Приговоренный ими к смерти не стал пить вино. Все той же чудной улыбкой выразив центуриону благодарность, Он продолжал вглядываться в лица тех, ради кого добровольно обрек Себя на страдания. И многие, поймав этот полный неземной любви взгляд, стали сочувствовать Ему. Послышались рыдания.
– Еще пара таких остановок, и казнь, пожалуй, не состоится – народ отменит свой приговор, – недовольно пробурчал кто-то из конвоиров.

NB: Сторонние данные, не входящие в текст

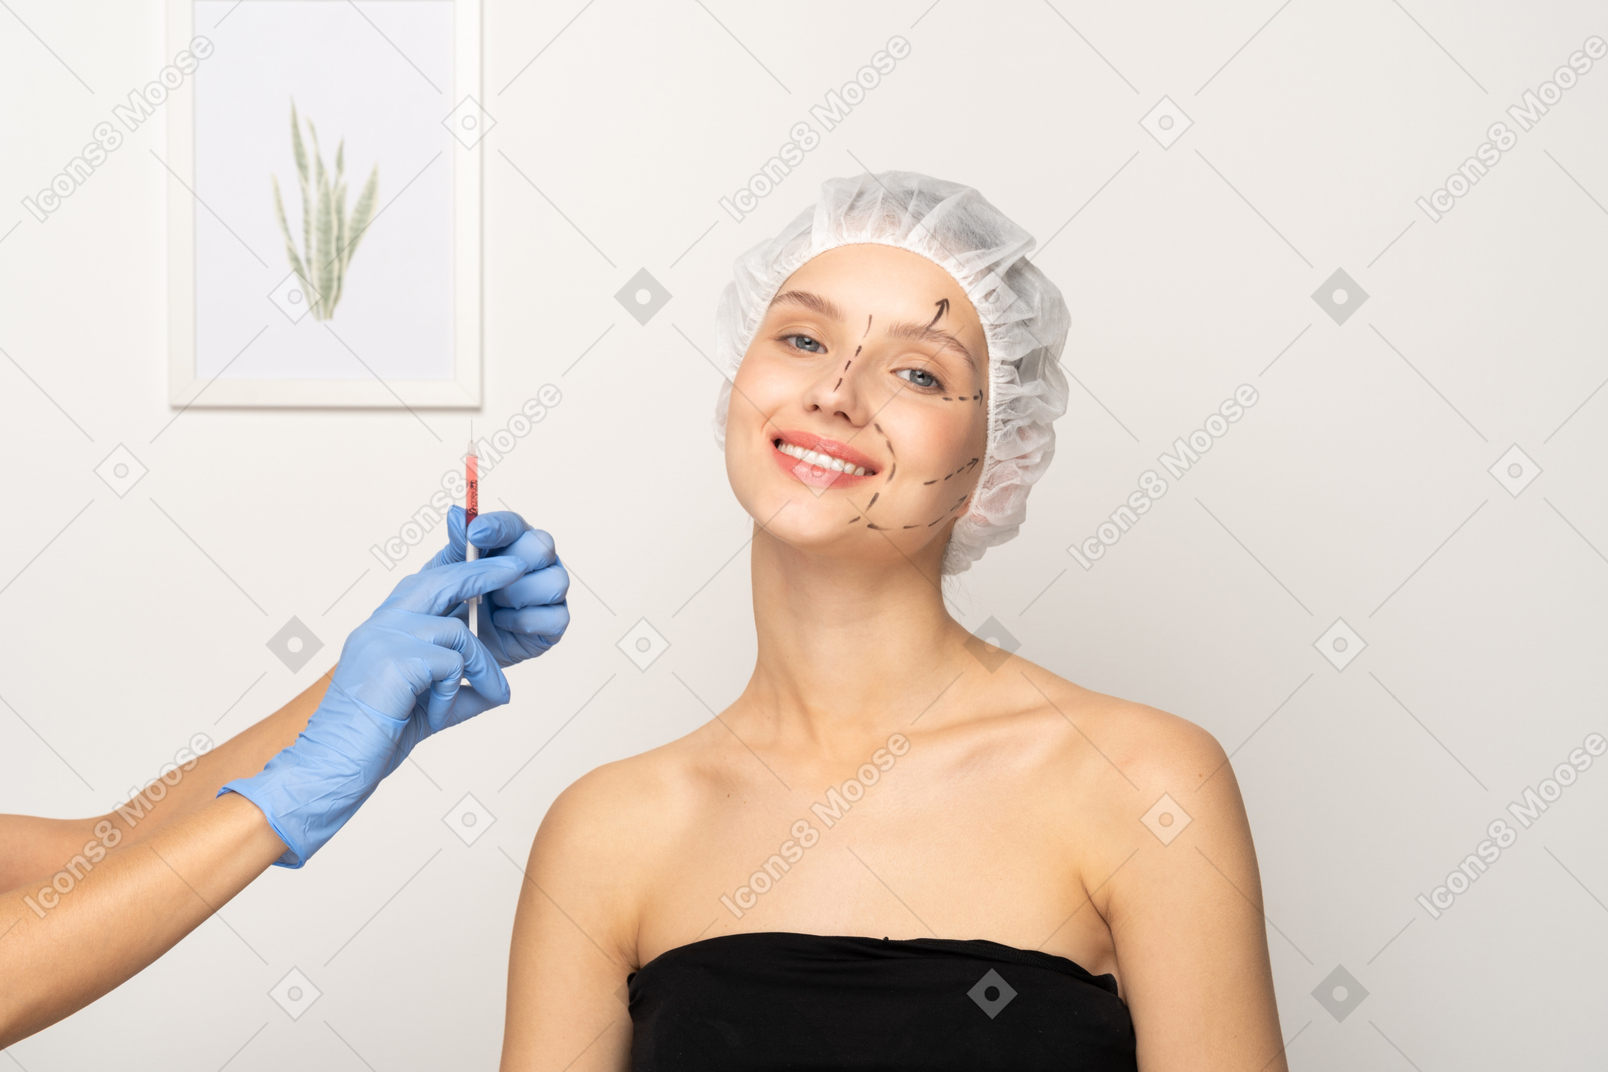 Young woman smiling and gloved hand holding up syringe

– Молчи! – оборвал его Петроний гневно. – Разве ты не видишь, что Он изнемогает от усталости и боли. Пусть отдохнет!
Но Тот, о Ком шла речь, уже пришел в себя. Легкие краски жизни опять покрыли Его лицо.
Одна женщина с ребенком на руках подошла к Иисусу и, не обращая внимания на грозные взгляды стражников, дотронулась до Его одежд. Малыш потянулся было к терновому венцу, но, уколовшись, стал перебирать золотистые волосы Узника. Бесконечная нежность, выразившаяся на лице Божественного Бессмертного, глубоко тронула сердце матери; сжимая дитя в своих объятиях, она громко зарыдала.
Несколько женщин возобновили плач с такой истеричностью, что это вызвало недовольство окружающих мужчин.
– Вот глупые гусыни! Как бы своим плачем они не остановили исполнение закона!
Вдруг тихий, слабый голос прозвучал, как чудесная, грустная песня:
– Дочери Иерусалима! Не плачьте обо Мне, а плачьте о себе и детях ваших! Ибо приходят дни, в которые скажут: «Блаженны неплодные, и утробы неродившие, и сосцы не питавшие». Тогда горам скажут: «Падите на нас» и холмам: «Покройте нас».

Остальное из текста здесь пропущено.